Obviously, the two artists are completely different, but I’m highly interested in the way the musical legend shaped his own life.
You experienced both the East Coast, living in New York City, and currently live in L.A. In your opinion, what are the strong points in one and the other?
To me, New York City looks old and too much tied to its past. It suffers from the same “disease”, which we find in Europe, without having produced anything in any field, even close to what the Old continent has created.
Los Angeles is a lot more open culturally and it captivates me to a greater degree. The fact that this city is one of the most prominent entertainment center in the world, if not the absolute top, makes it very interesting to one like me, who constantly investigates mythological narratives and the mechanisms behind those.

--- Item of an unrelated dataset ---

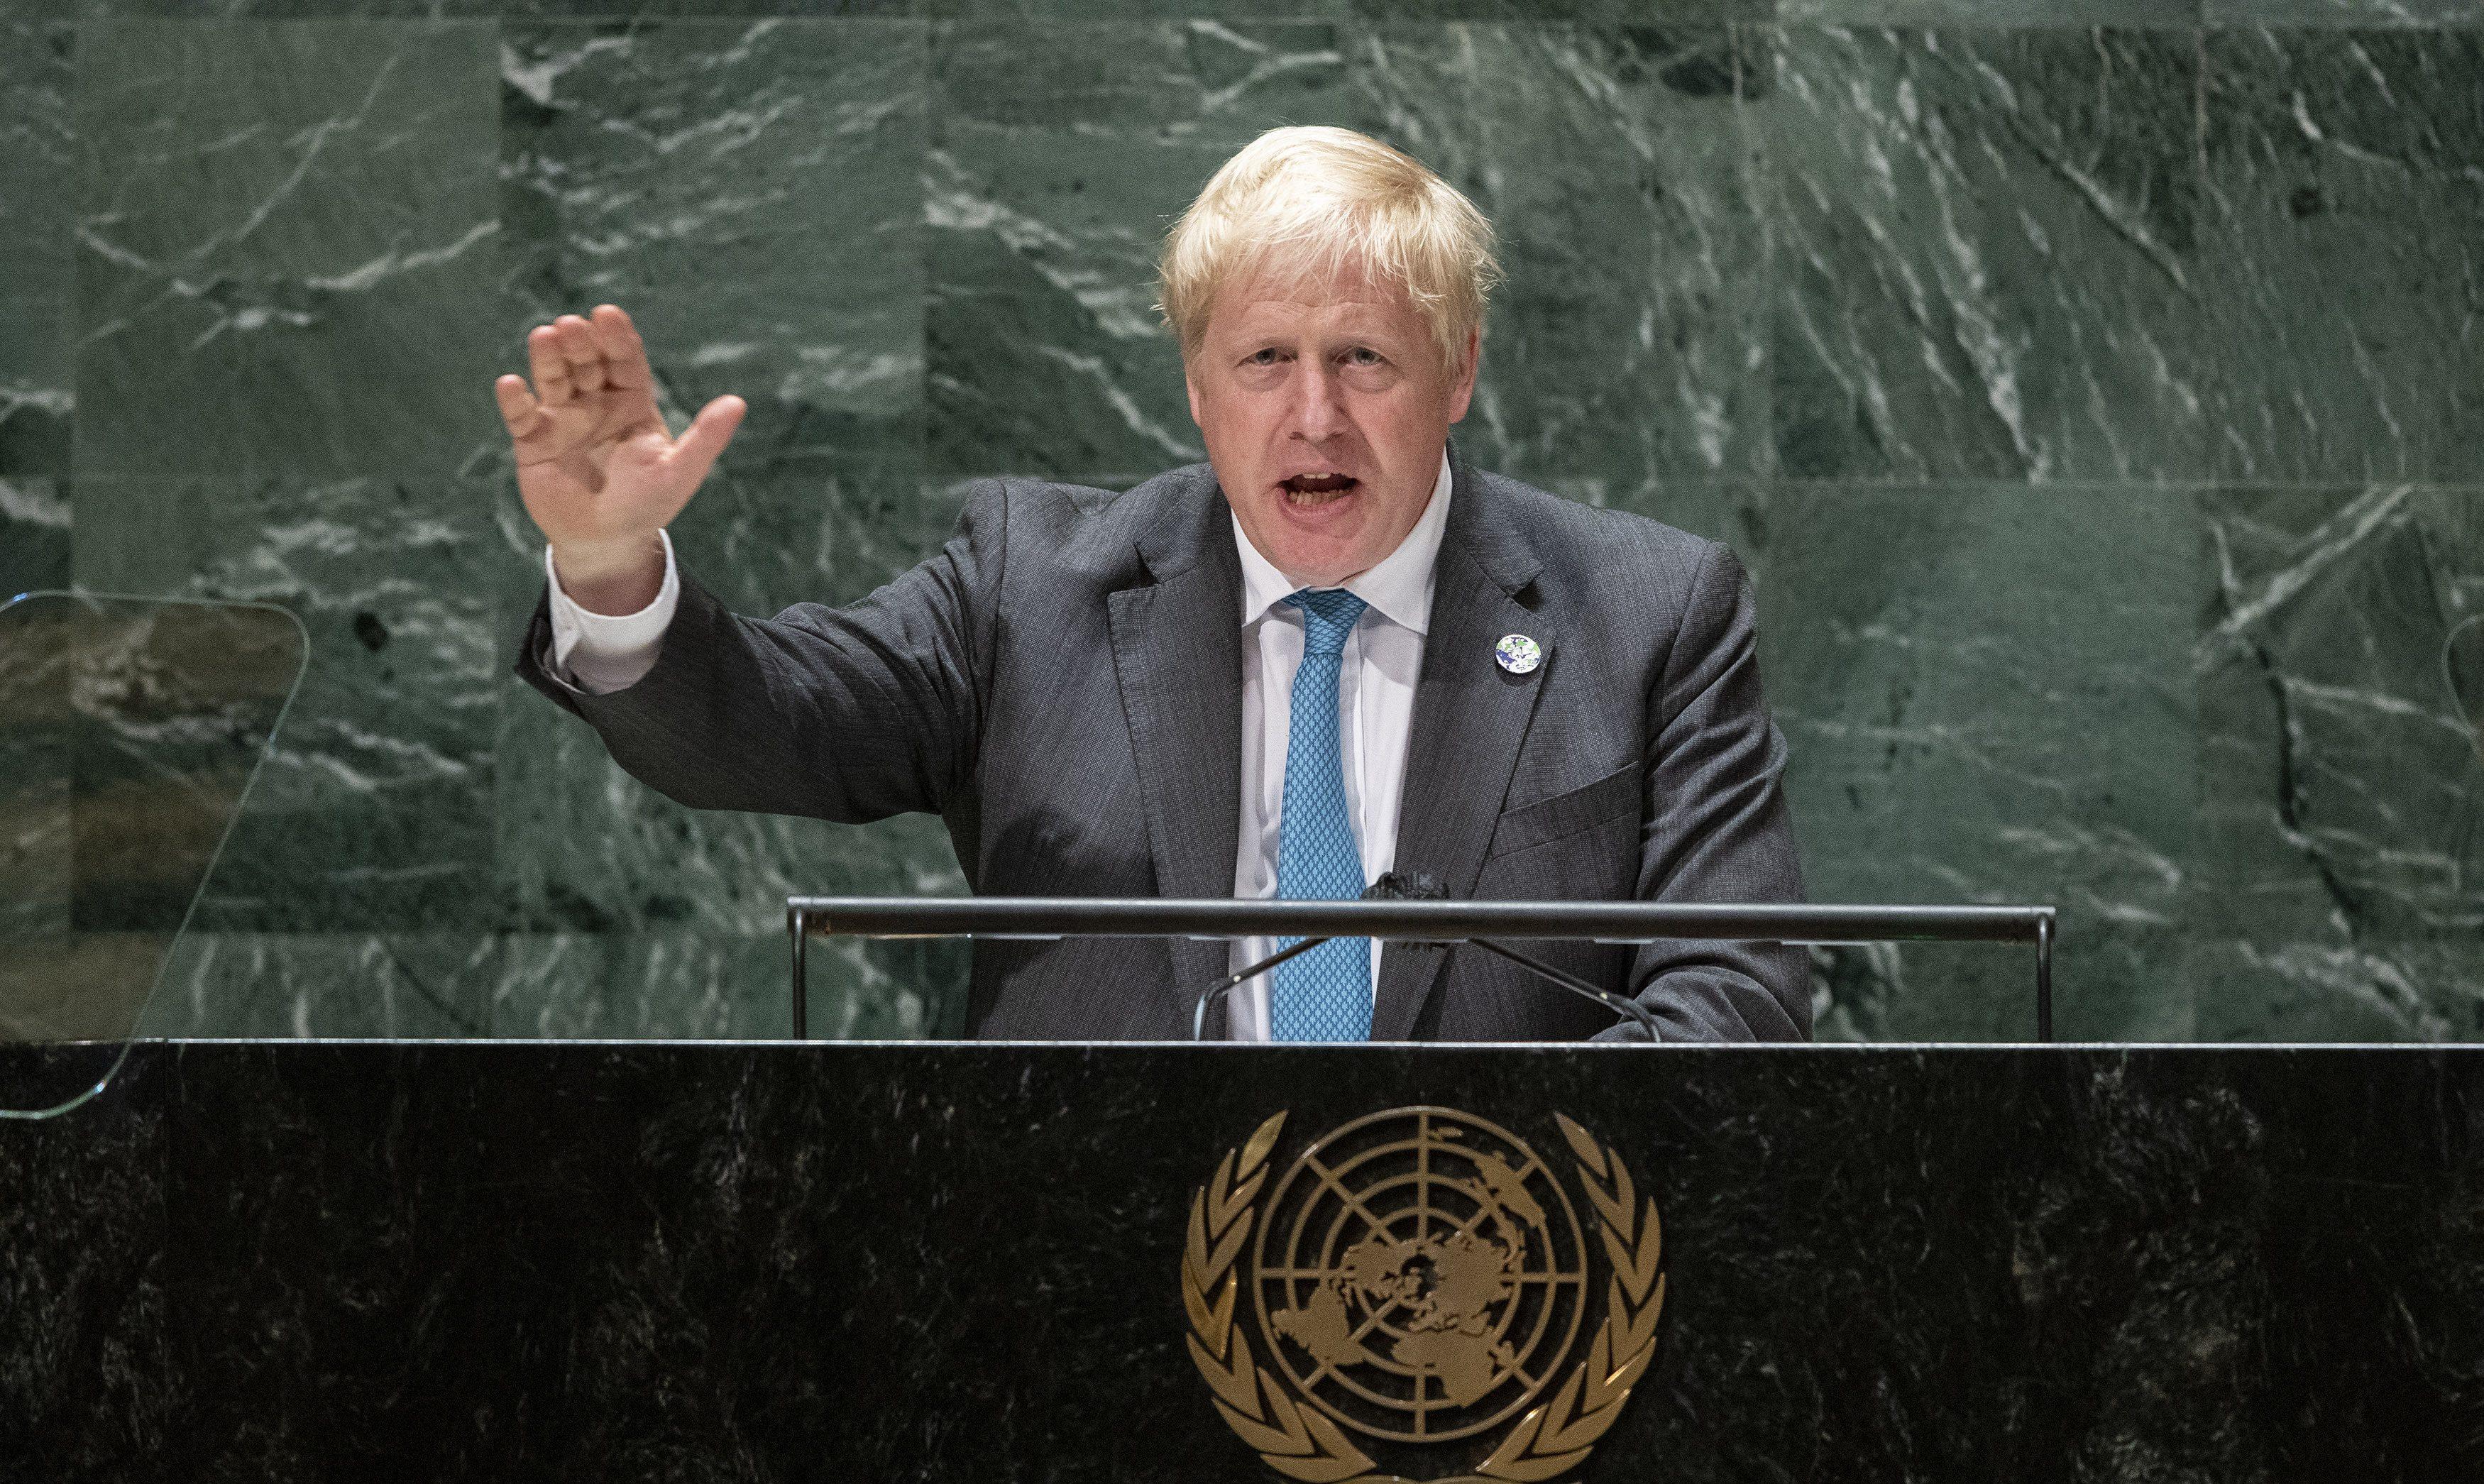 U.K.'s Boris Johnson says humanity needs to 'grow up,' face climate crisis at U.N.
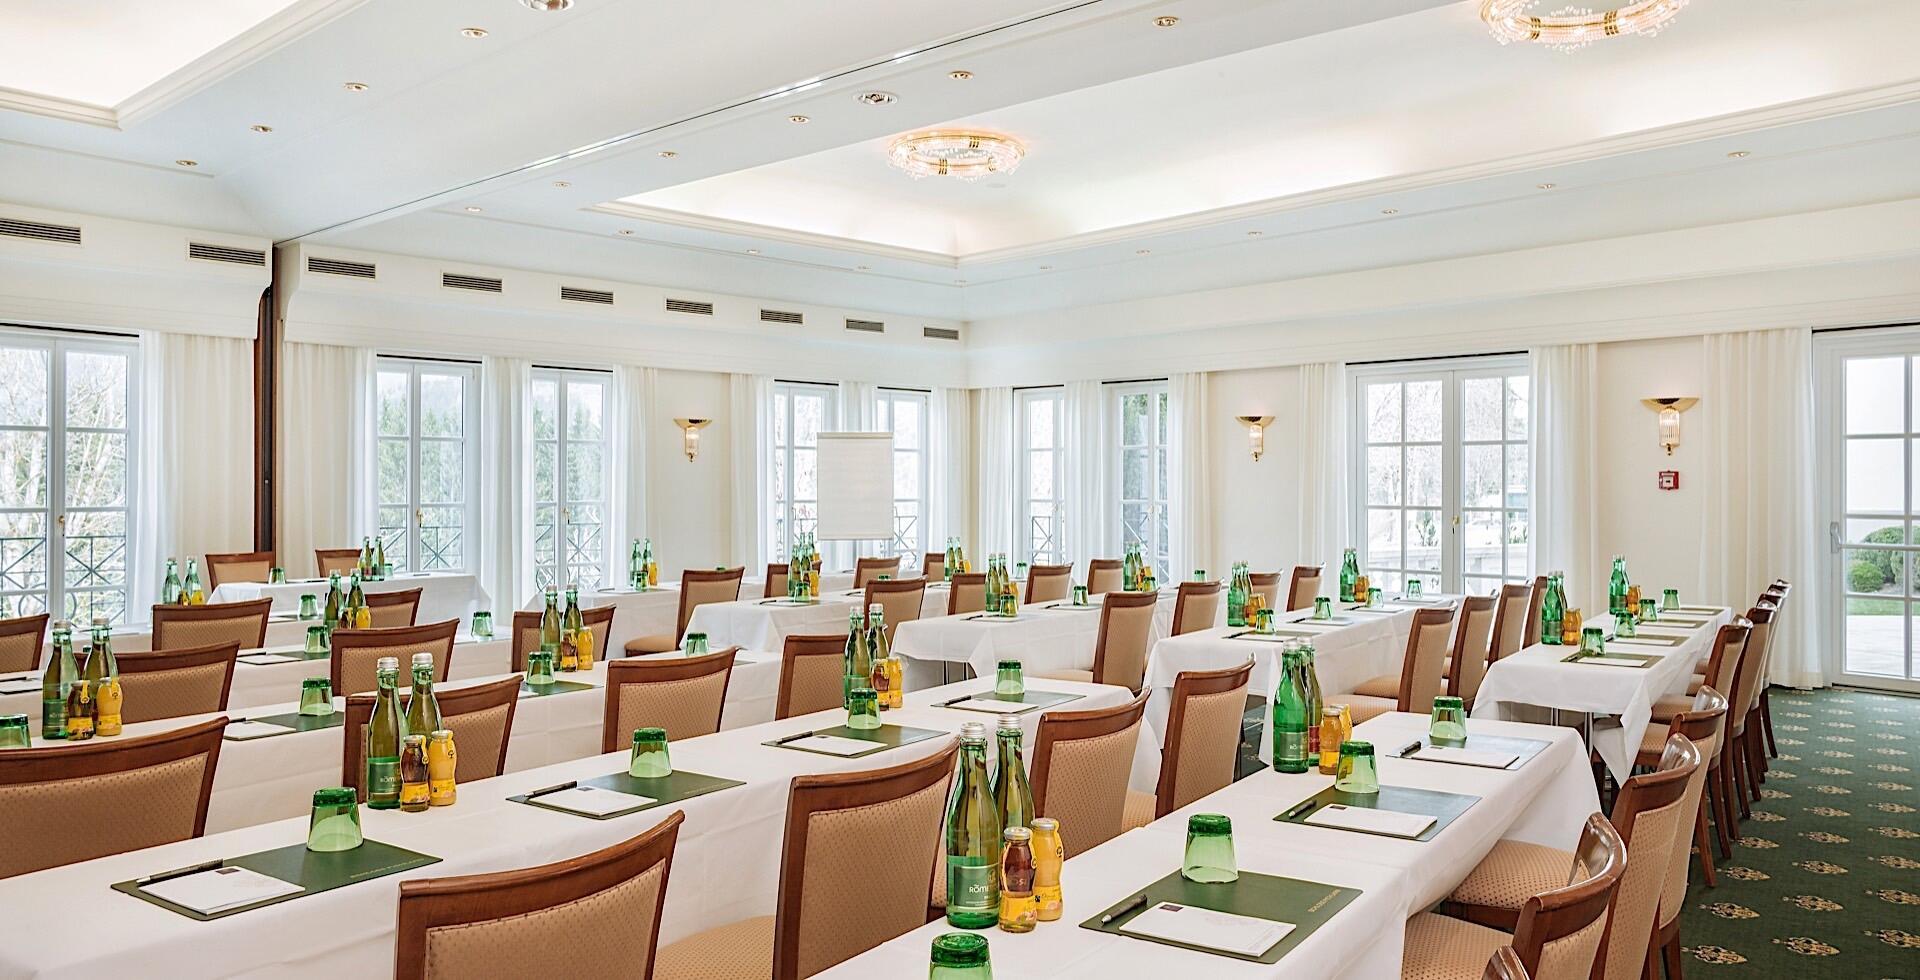 Conferences at Romantik Hotel Schloss Pichlarn, Austria

Do you have contacts with the Italian-American community in L.A.? For example, do you attend the local Italian Cultural Institute or similar organizations?
Yes, I do. In such a spread out city like L.A., the IIC plays a predominant role in bringing together the members of our community. Aside from other figurative artists, I’ve had easily access to personalities, working in the movie industry, musical field, in the scientific sector, or even in the 3D modelling.
My other acquaintances and friendships with Italians, come from chance encounters, very often in coffee shops.